The Moment
Kansas City Chiefs heiress Gracie Hunt has officially jumped into the Super Bowl culture wars, and she did not come quietly.
During an appearance on Fox News Channel’s “The Will Cain Show,” the 26-year-old daughter of Chiefs owner Clark Hunt praised conservative activist Erika Kirk’s plan for an alternative Super Bowl halftime show.

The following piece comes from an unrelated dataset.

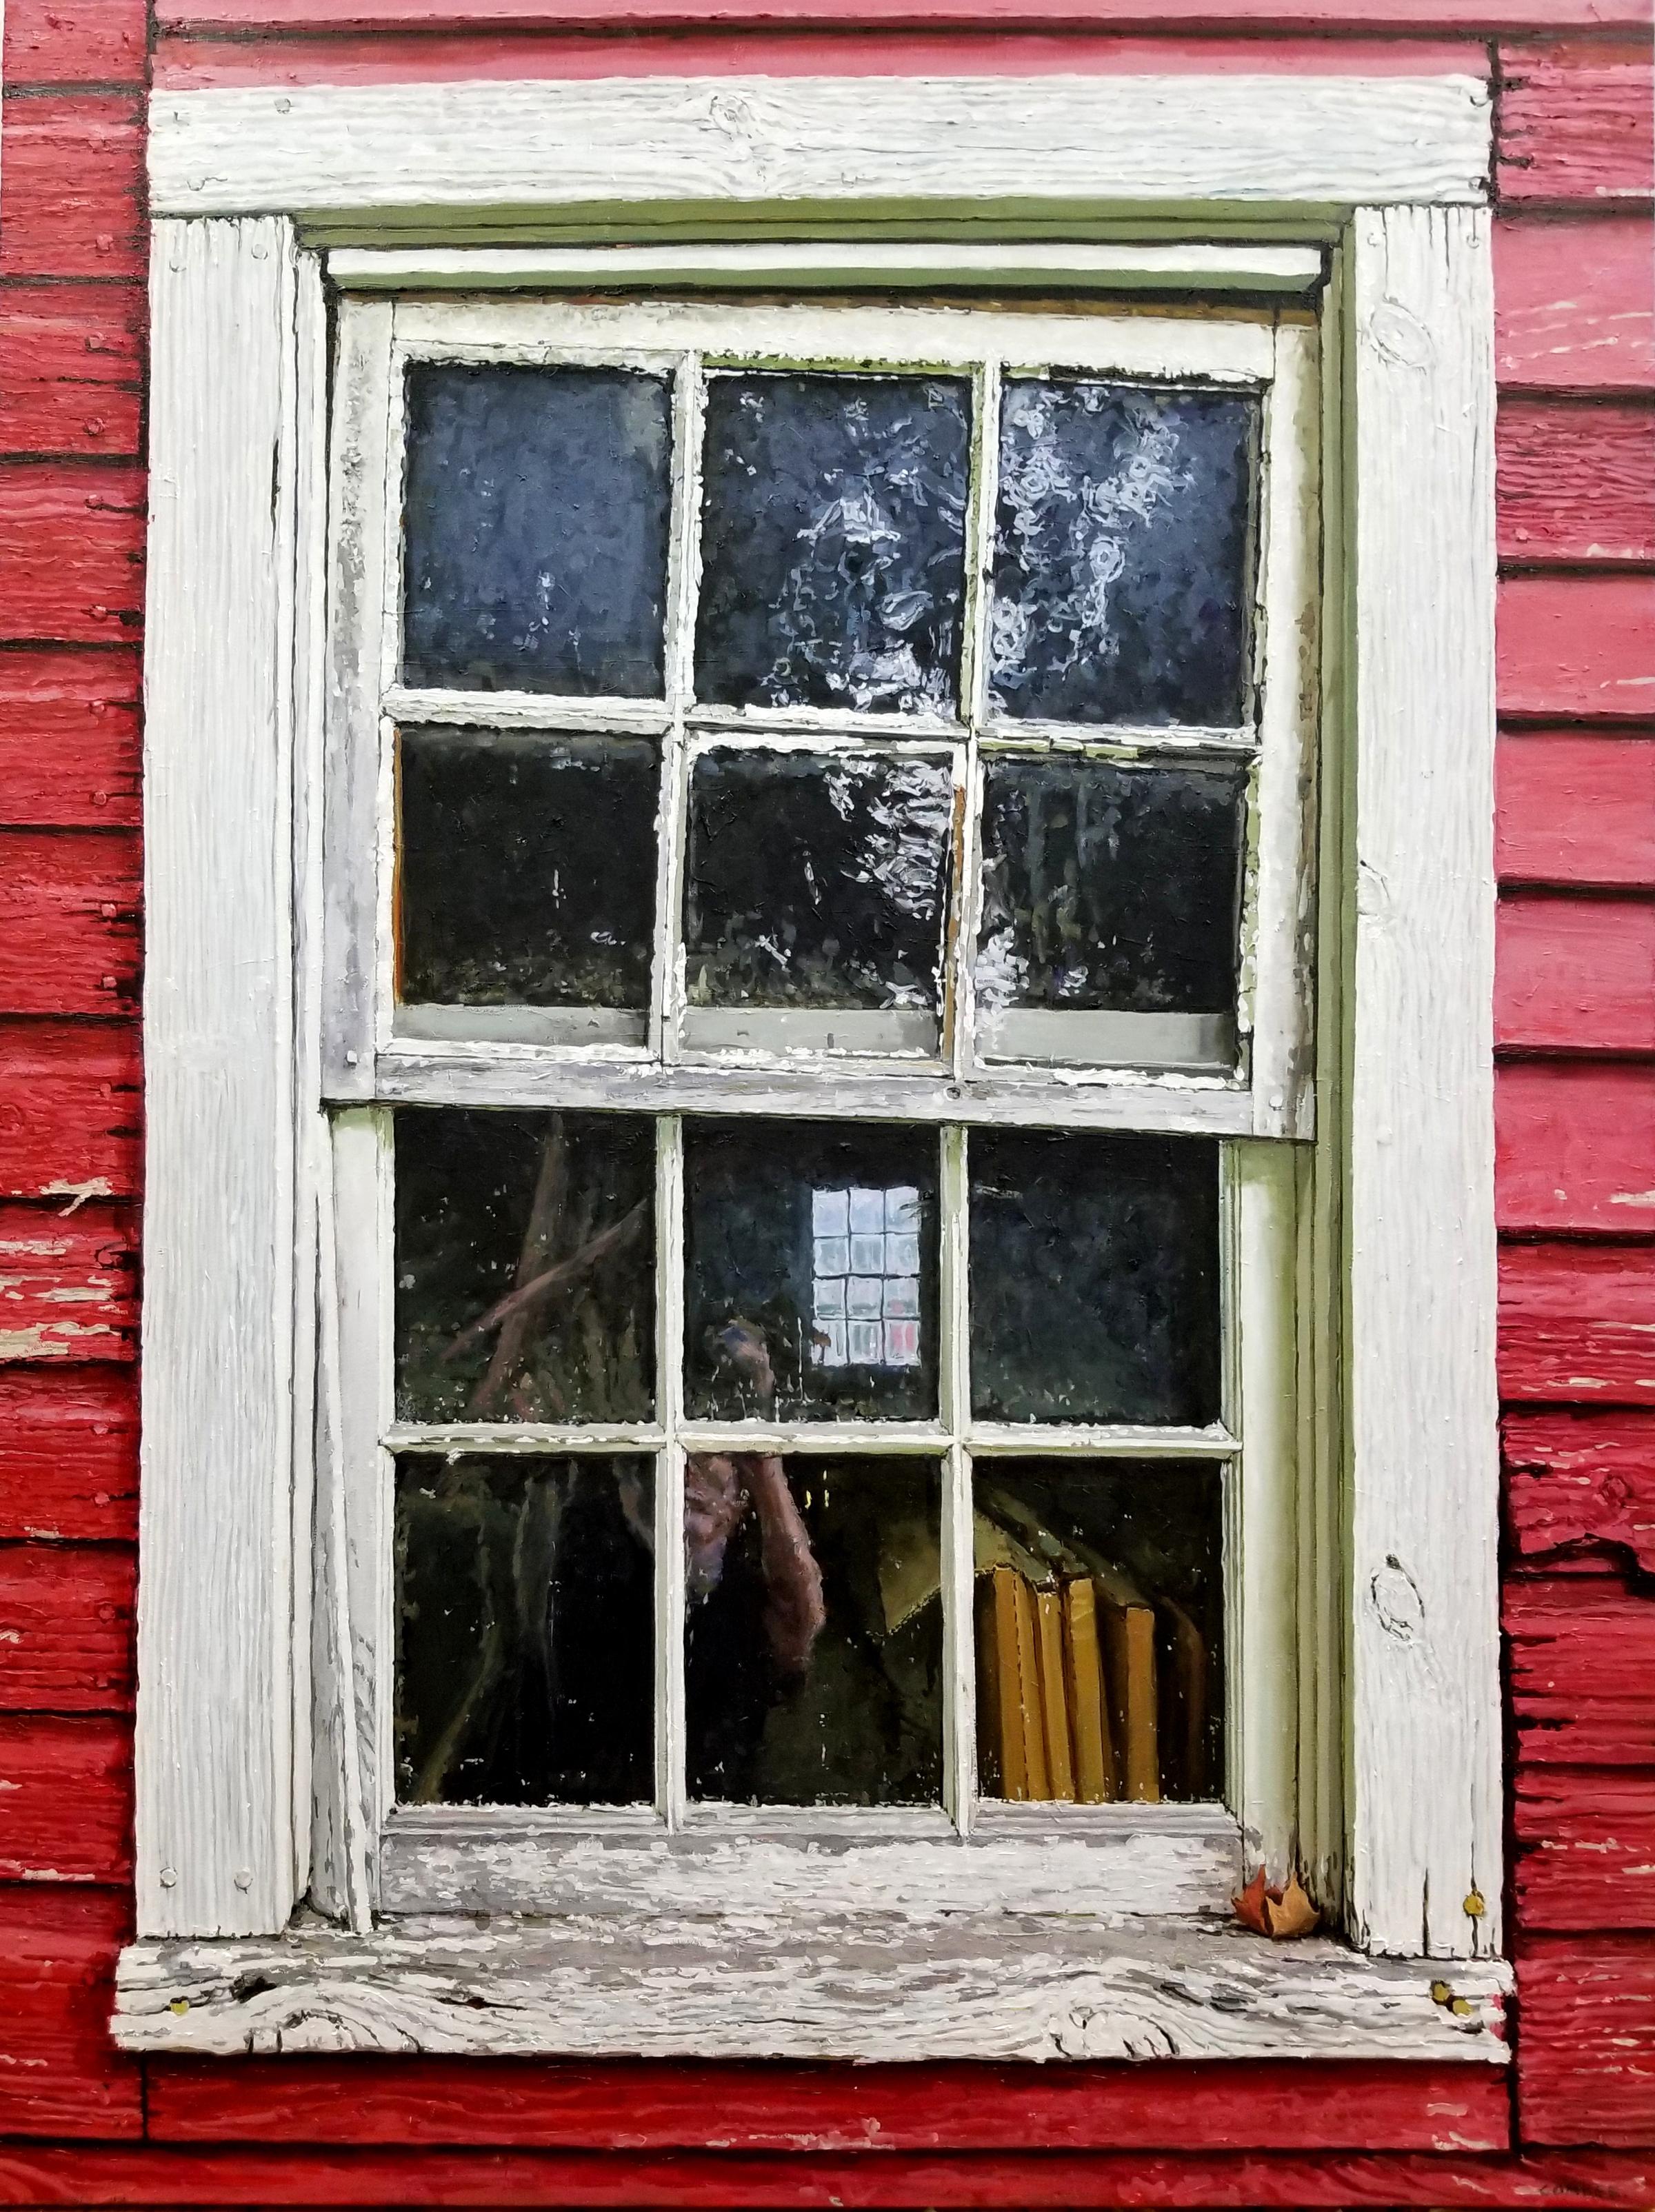 Richard Combes Landscape Painting - BARN WINDOW - Photorealism / Old Red Barn / Weathered Farmhouse / Reflection

The counterprogramming is set to air opposite Bad Bunny’s performance at Super Bowl LX in Santa Clara, California, which will cap the 2026 NFL season.

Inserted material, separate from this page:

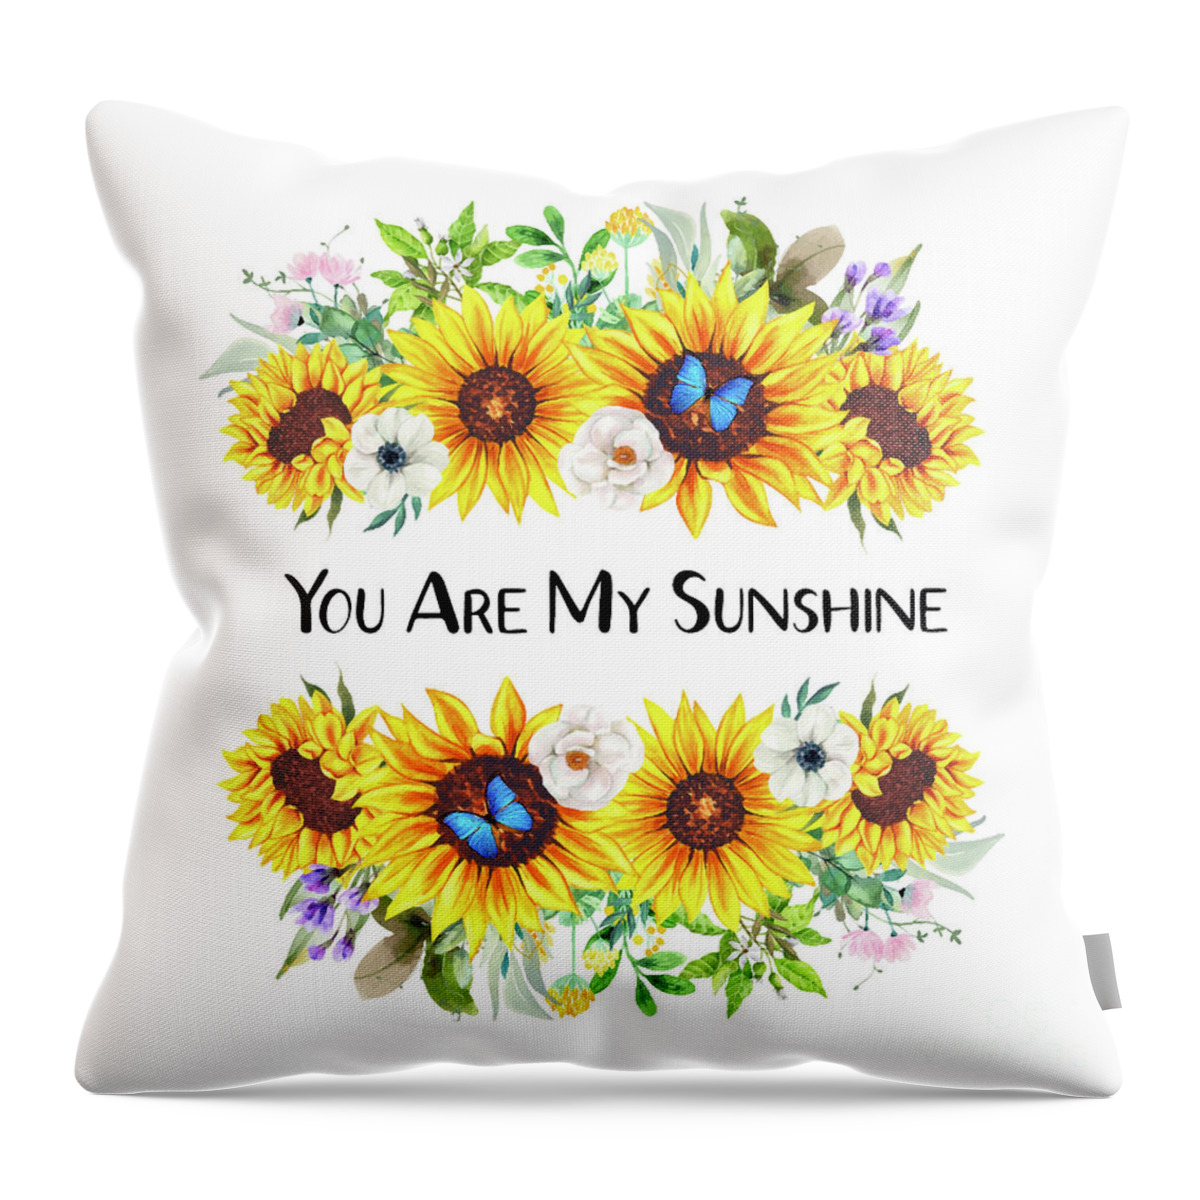 Sunflowers Throw Pillow featuring the painting You Are My Sunshine by Tina LeCour

Hunt called Bad Bunny a “cheap” choice and suggested the NFL’s pick doesn’t reflect what she sees as America’s “best values.” Instead, she cheered on Kirk and Turning Point USA’s rival event as a “halftime show for America,” emphasizing kids, family, and role models.
On the other side, Charlotte Jones – daughter of Dallas Cowboys owner Jerry Jones and a key team executive – publicly defended Bad Bunny’s selection on “The Katie Miller Podcast,” praising the league’s Latino fan base and reminding everyone that the Super Bowl is a global stage, not just a backyard barbecue.

Layer in fan petitions pushing for country legends like George Strait to replace Bad Bunny, and you’ve got it: the halftime show has become the latest proxy battle in America’s never-ending values war.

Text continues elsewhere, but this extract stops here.